MHT CET · Maths · Functions
For a suitable chosen real constant a, let the function \(f: R-\{-a\} \rightarrow R\) be defined by \(f(x)=\frac{a-x}{a+x}\). Further, suppose that for any real number \(x \neq-a\) and \(f(x) \neq-a,(f o f)(x)=x\).

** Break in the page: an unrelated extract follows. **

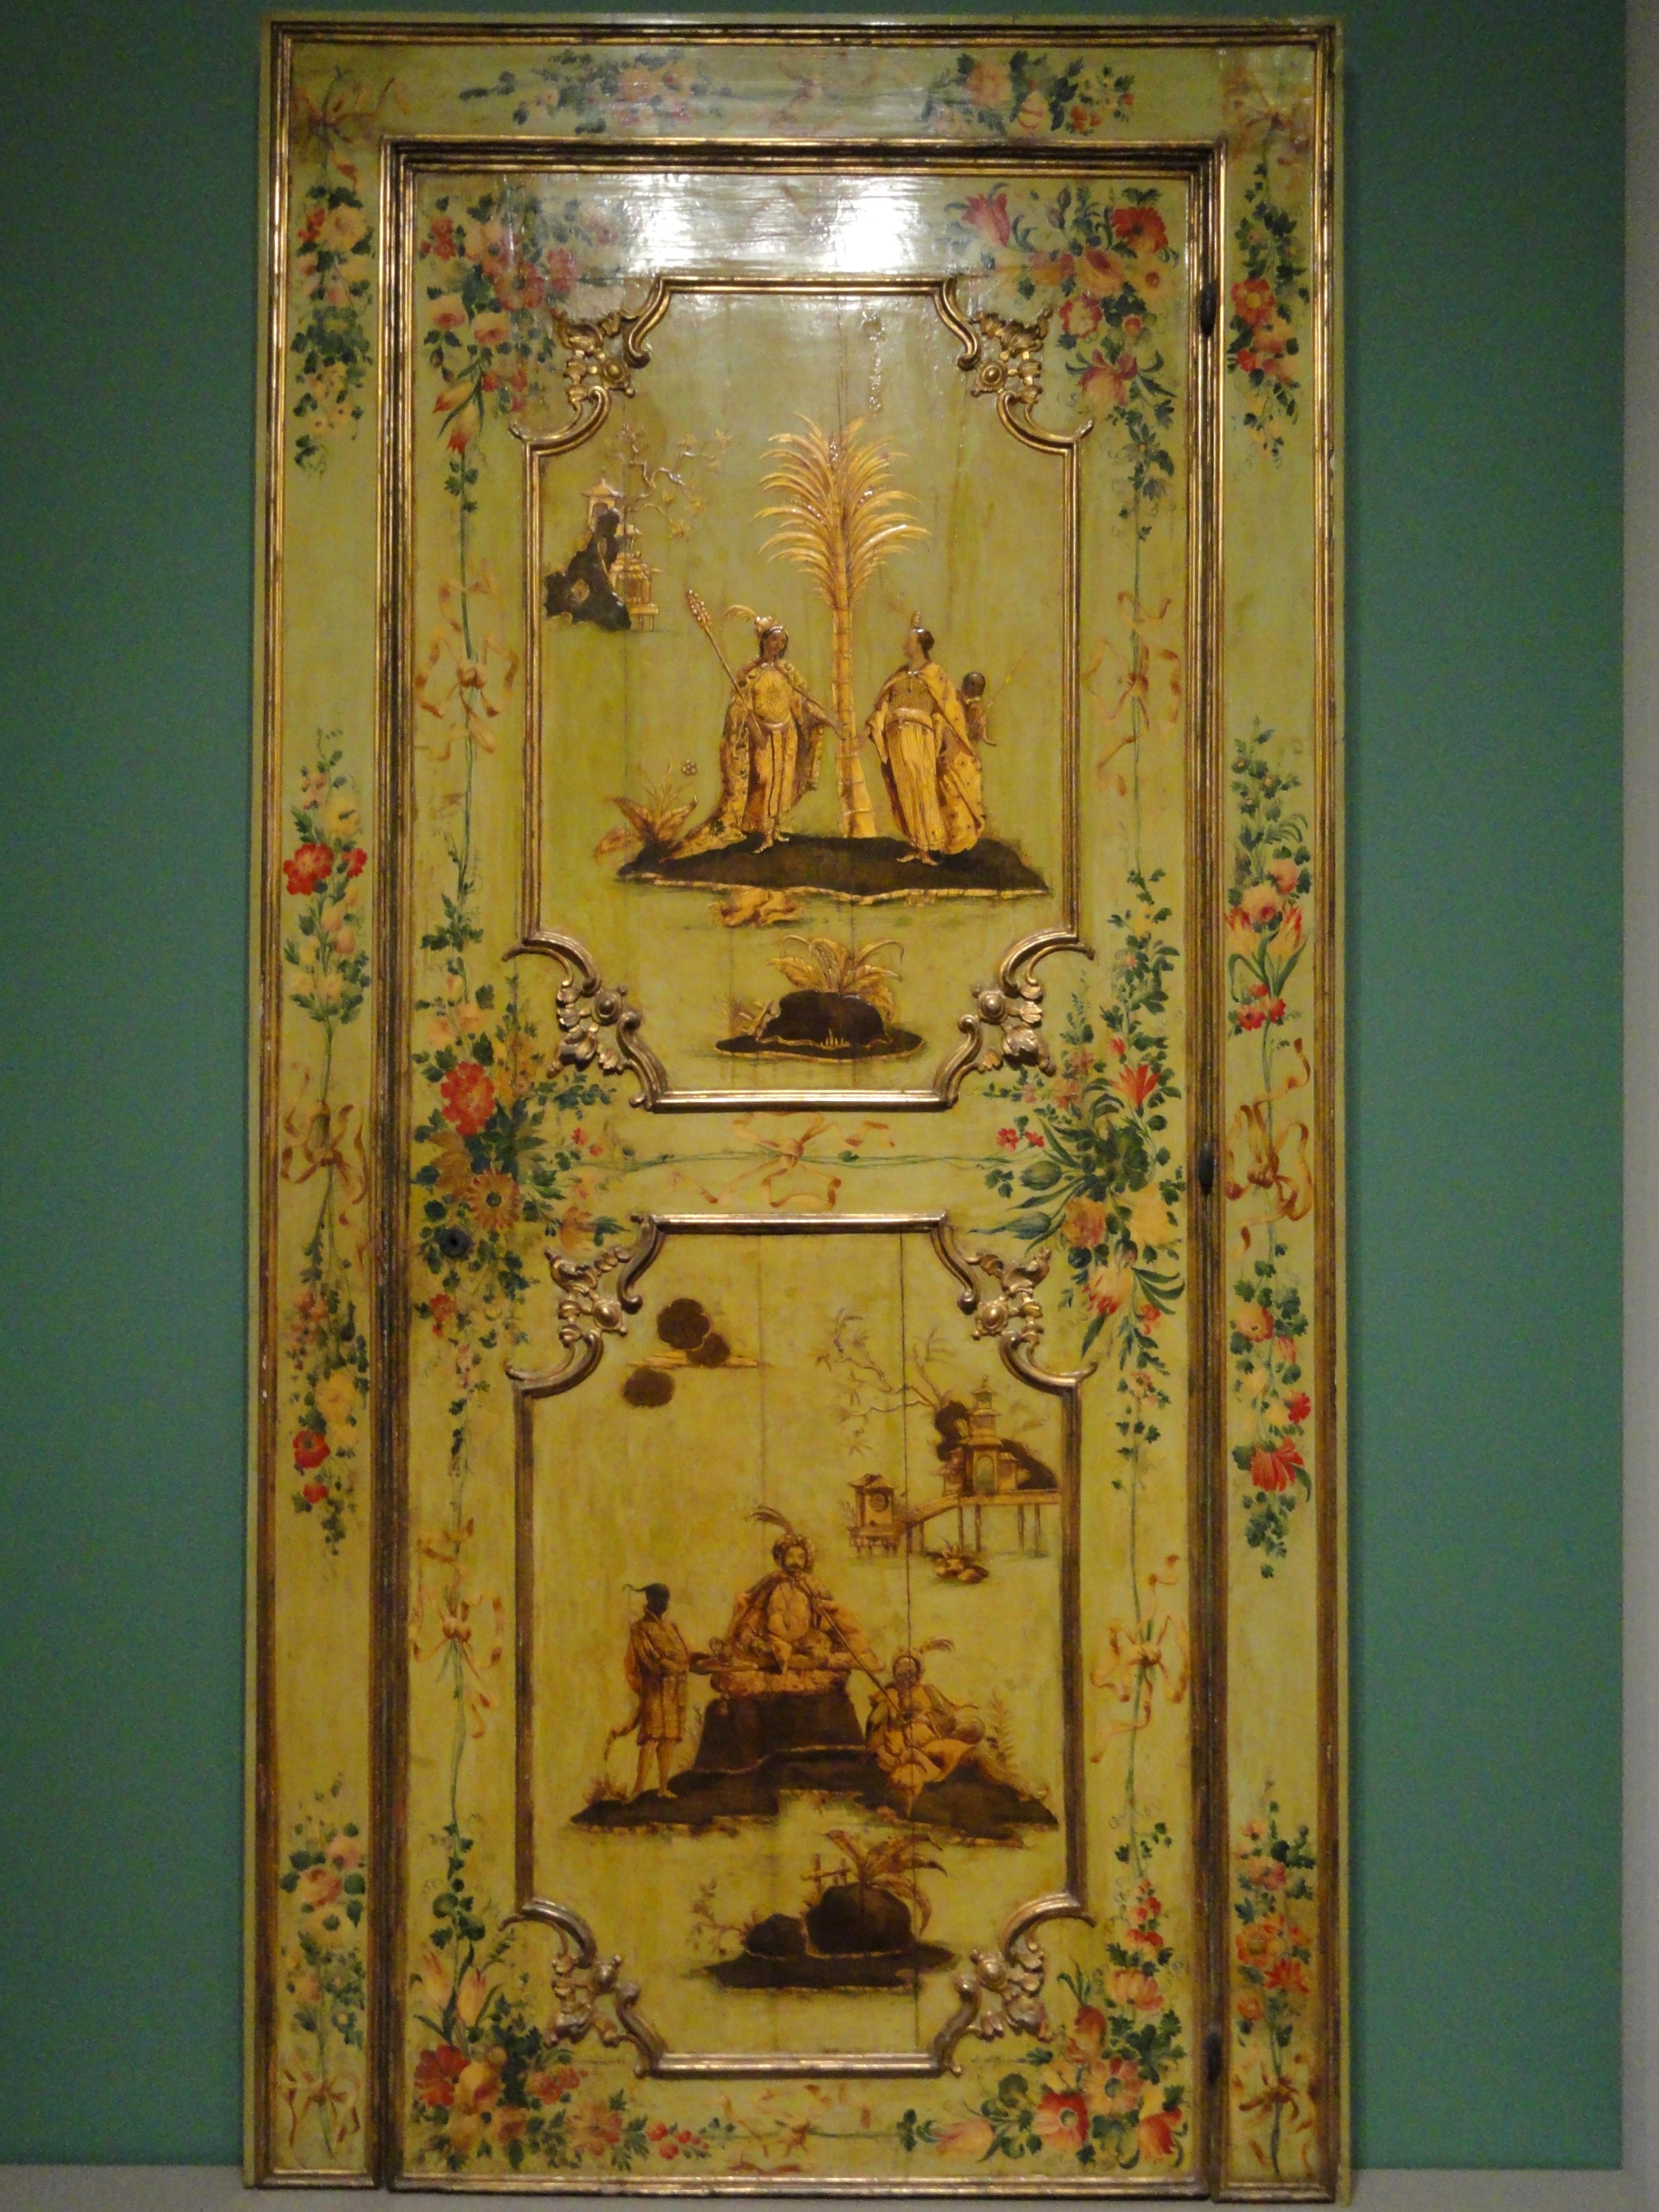 FileDoor c. 1750 designed by Giovanni Battista Tiepolo Italy & File:Door c. 1750 designed by Giovanni Battista Tiepolo Italy ...

Then, \(f\left(-\frac{1}{2}\right)\) is equal to
- A -3
- B \(\frac{1}{3}\)
- C \(-\frac{1}{3}\)
- D 3
Answer & Solution
Correct Answer
(D) 3
Step-by-step Solution
Detailed explanation
\(\begin{aligned} & \text { fof }(x)=f(f(x))=f\left(\frac{a-x}{a+x}\right)=x \\ & \Rightarrow \frac{a-\frac{a-x}{a+x}}{a+\frac{a-x}{a+x}}=x \\ & \Rightarrow \frac{a^2+a x-a+x}{a^2+a x+a-x}=x \\ & \Rightarrow a^2+a x-a+x=a^2 x+a x^2+a x-x^2 \\ & \Rightarrow(a-1) x^2+\left(a^2-1\right) x-a(a-1)=0 \\ & \Rightarrow(a-1)(x+a)(x-1)=0 \\ & \Rightarrow a=1[\operatorname{as} x \neq-a] \\ & \Rightarrow f(x)=\frac{1-x}{1+x} \\ & \Rightarrow f\left(-\frac{1}{2}\right)=\frac{1+\frac{1}{2}}{1-\frac{1}{2}}=3\end{aligned}\)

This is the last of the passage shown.